I was in love with the fantasy that was not real. I was in love with the "Arabian culture" that I saw in the movies, and worse, the romantic versions I had read in library books during my girlhood-stories about desert love and 1001 nights.

Would that I had also read the description of a perfect woman by Shaykh Umar ibn Mohammad Nefzawi in his essay concerning love written in the 1500's! My romantic conception of Arabic dance and costume stemmed from Orientalist artwork. My love of Arabian arches and courtyards blossomed from my weekly attendance at the movies shown in "The Alhambra Theater" which had opulent plantings in the enclosed garden walls, replete with water-cascades and mosaic tiled walkways, and a little bridge. Tres Romantic! It had palm trees, and in the warm Sacramento summer evenings, the hidden lighting played on the fronds and the dancing water. Darlings, I saw it all in those green eyes!

So here, for those of you who are about to fall, or have fallen in love with the Arabian fantasy love and be literally carried away by your dreams is Shaykh Nefzawi's description. You can try it on to see if it fits.

"She must have a perfect waist, and must be plump and lusty. Her hair will be black, her forehead wide, she will have eyebrows of Ethiopian blackness, large eyes, with the whites in them very limpid. With cheek of perfect oval, she will have an elegant nose and a graceful mouth, lips and tongue vermilion. Her breath will be of pleasant odor, her throat long, her neck strong, her bust and her belly large.

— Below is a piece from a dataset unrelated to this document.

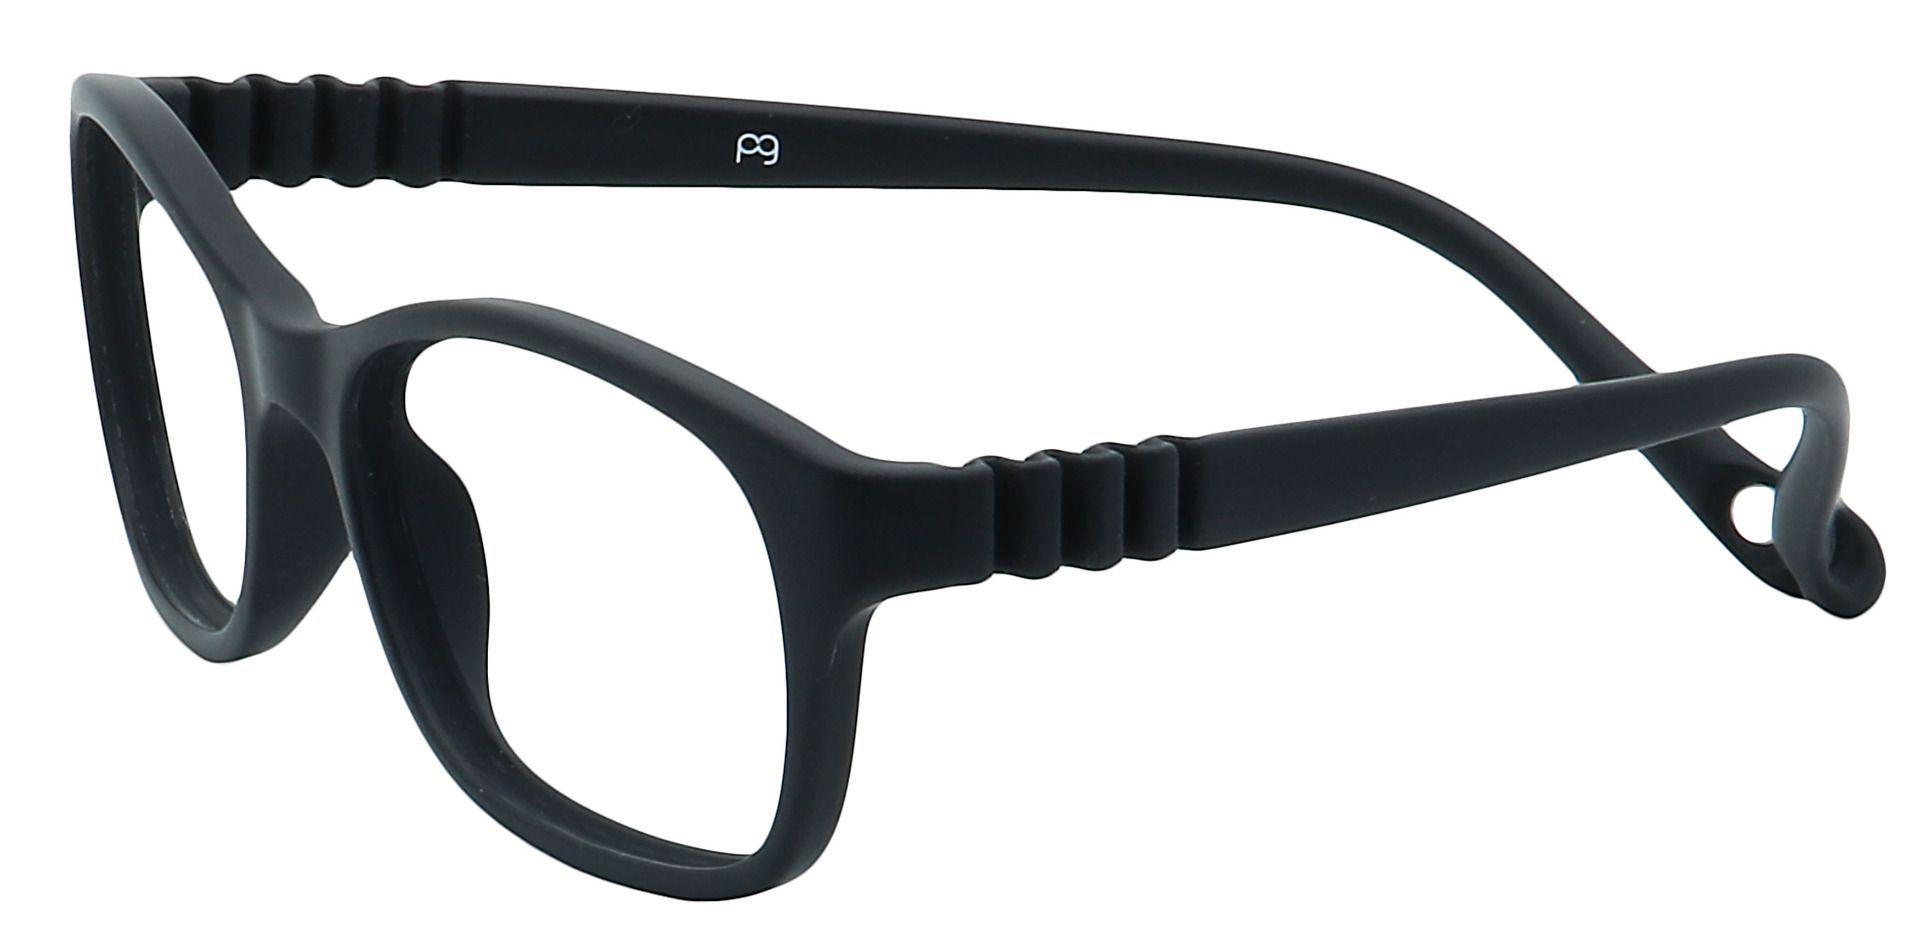 Sunny Oval Blue Light Blocking Glasses - Black

Her breasts must be full and firm, her belly in good proportion, and her navel well developed and marked. The lower part of the belly is to be large, the vulva projecting and fleshy, from the point where the hairs grow, to the buttocks. The conduit must be narrow and moist, soft to the touch, and emitting a strong heat and no bad smell. She must have the thighs and buttocks hard, the hips large and full, a waist of fine shape, hands and feet of striking elegance, plump arm, and well-developed shoulders."

As if all that were not enough to convince a fine American girl of the new millennium to forget it, he continues on:

"She speaks and laughs rarely, and never without reason. She never leaves the house, even to see neighbors of her acquaintance. She has no women friends, gives her confidence to nobody, and her husband is her sole reliance. She takes nothing from anyone, excepting from her husband and her parents…She does not try to entice people."

It continues but I think you have the essence. Well, perhaps it is not fair to intimate that the Sheik's image was the one I could not meet, but it is part of the root system.

Just as the reality of the Arabic culture could not fulfill my fantasy, I, the American blond independent woman could not live up to whatever fantasy was his.

However, I saw the Nile, the Holy land, the camels, the dancing and the touching aspects of the Arabic culture and those experiences forever changed my understanding of the music and the sensual movements that became my dance in the second part of my dance career. The price was very high.

The Perfumed Garden, Shaykh Umar ibn M. Nefzawi, Translation by Sir Richard Burton, London: Granada, 1963. Pages 98-99.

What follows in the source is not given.